Up for reelection in 1972, Nixon was fresh from the Beijing and Moscow triumphs and enjoying the peak of his popularity. He defeated the Democratic senator George S. McGovern by one of the largest majorities in U.S. history. Only one small cloud appeared on the horizon. The attempted burglary and wiretapping of the Democratic National Committee headquarters on June 17, 1972, at the Watergate complex had been traced to men hired by some of the president’s closest advisers. Newspaper reporters took the slender thread found at the Watergate burglary and followed it to the White House. Through determined reporting, a larger picture of political corruption was uncovered. Illegal campaign contributions, political "dirty tricks," and irregularities in Nixon’s income taxes were unearthed as the story grew during 1973. Testimony before the Senate Select. Committee on Presidential Campaign Activities, chaired by Senator Sam Ervin, Jr. (1896–1985), revealed that extensive tape recordings existed of conversations held in Nixon’s office. The various investigations, including that by Archibald Cox (1912–2004), who was appointed special prosecutor for the case in May 1973, began to focus on the release of these vital tapes.

Public trust in Nixon’s leadership plummeted after he had Cox dismissed in October 1973. To compound the president’s problems, Vice-President Agnew, facing bribery charges, resigned in the same month. In his choice of a replacement, Nixon settled on a popular U.S. congressman certain of quick confirmation: Gerald R. Ford of Michigan, who was sworn in as vice-president on Dec. 6, 1973.

A federal grand jury named the president in March 1974 as an unindicted coconspirator in a conspiracy to obstruct justice in the Watergate investigation. Attorney Leon Jaworski (1905–82), who replaced Cox as special Watergate prosecutor, continued to press for the White House tapes, while the House Judiciary Committee began to investigate the case for impeachment.

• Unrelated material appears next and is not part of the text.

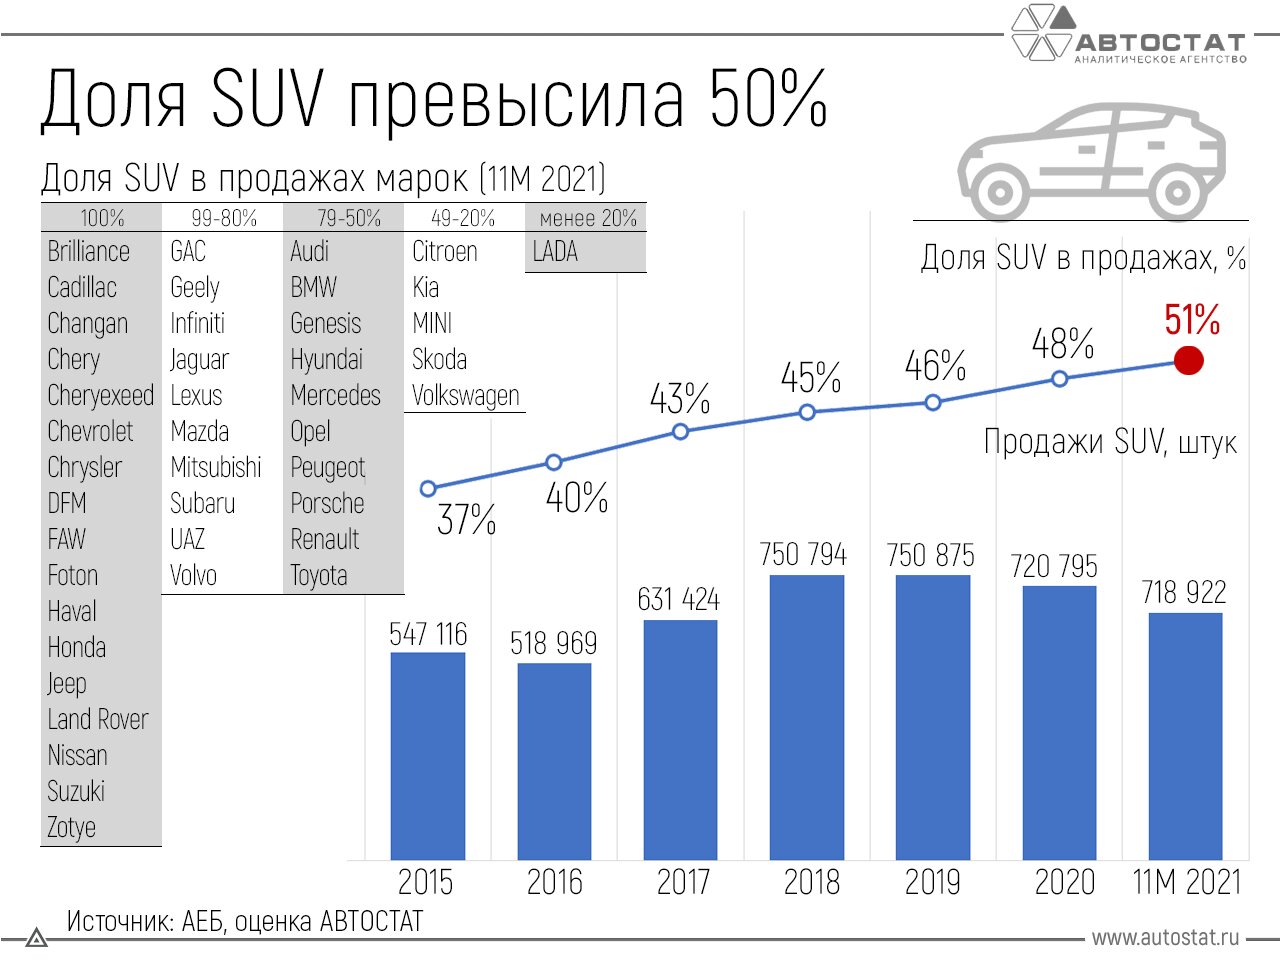 Более половины проданных авто в РФ - это кроссоверы и внедорожники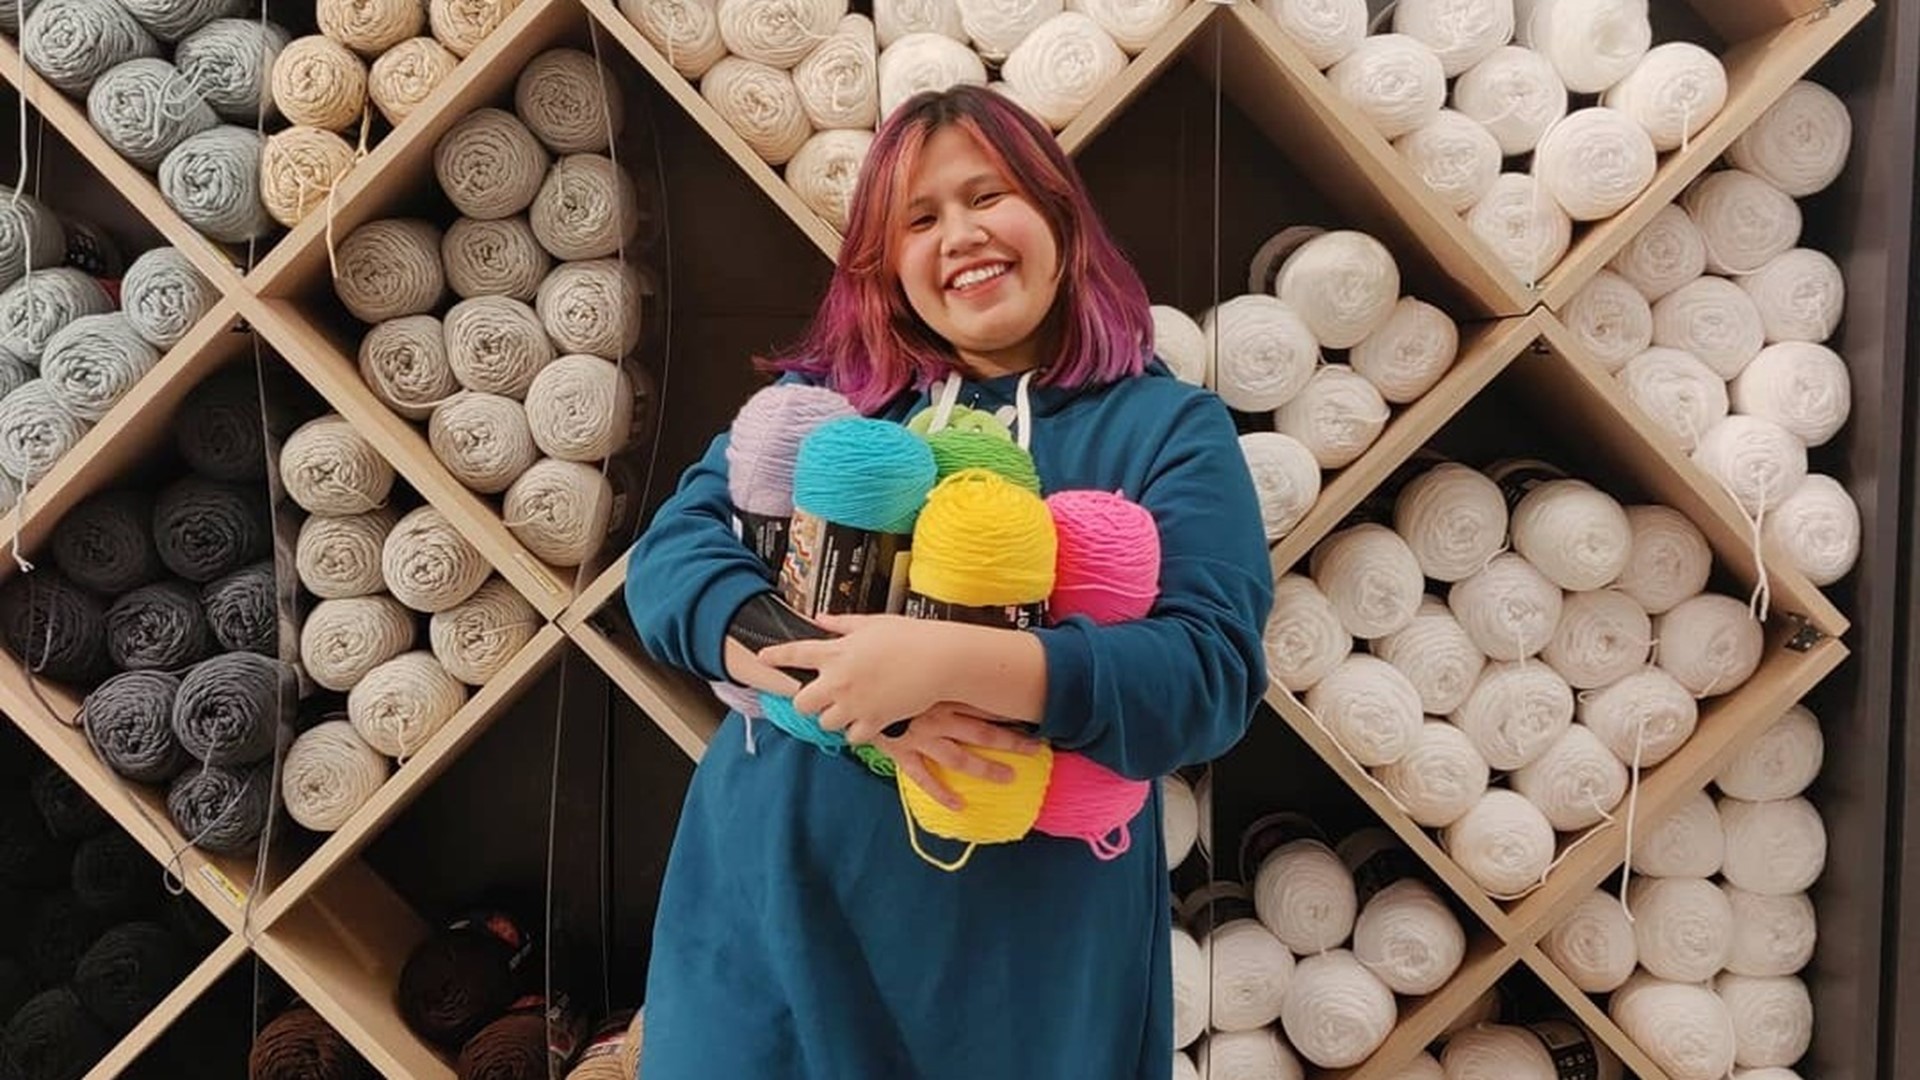 Based in Stockton, Prescilla Ann Fahardo found her joy in the art of Japanese style crochet.

Nixon tried to reestablish his authority with trips to the Middle East and the Soviet Union in the summer of 1974. But the Watergate net closed tighter upon his return. On July 24, the Supreme Court unanimously ruled that the president had to turn over the last tapes. One of these, recording his order to the Federal Bureau of Investigation to halt its investigation of the Watergate break-in, was conclusive evidence—the so-called smoking gun—of Nixon’s primary role in a cover-up. The Judiciary Committee recommended impeachment to the full House of Representatives. On the evening of August 8, Nixon went on television to announce his decision, unprecedented in U.S. history, to resign. At noon on August 9, Gerald Ford took the oath of office.

Pardoned by his successor "for all offenses against the United States which he . . . committed or may have committed" in office, Nixon in retirement initially kept a low profile. Gradually, however, through a succession of TV interviews, memoirs, and writings on world affairs, he rebuilt his reputation as a political analyst and foreign policy expert.

 

Assassination attempts & plots.

April 13, 1972: Arthur Bremer carried a firearm to an event intending to shoot Nixon, but was put off by strong security. A few weeks later, he instead shot and seriously injured Governor of Alabama George Wallace.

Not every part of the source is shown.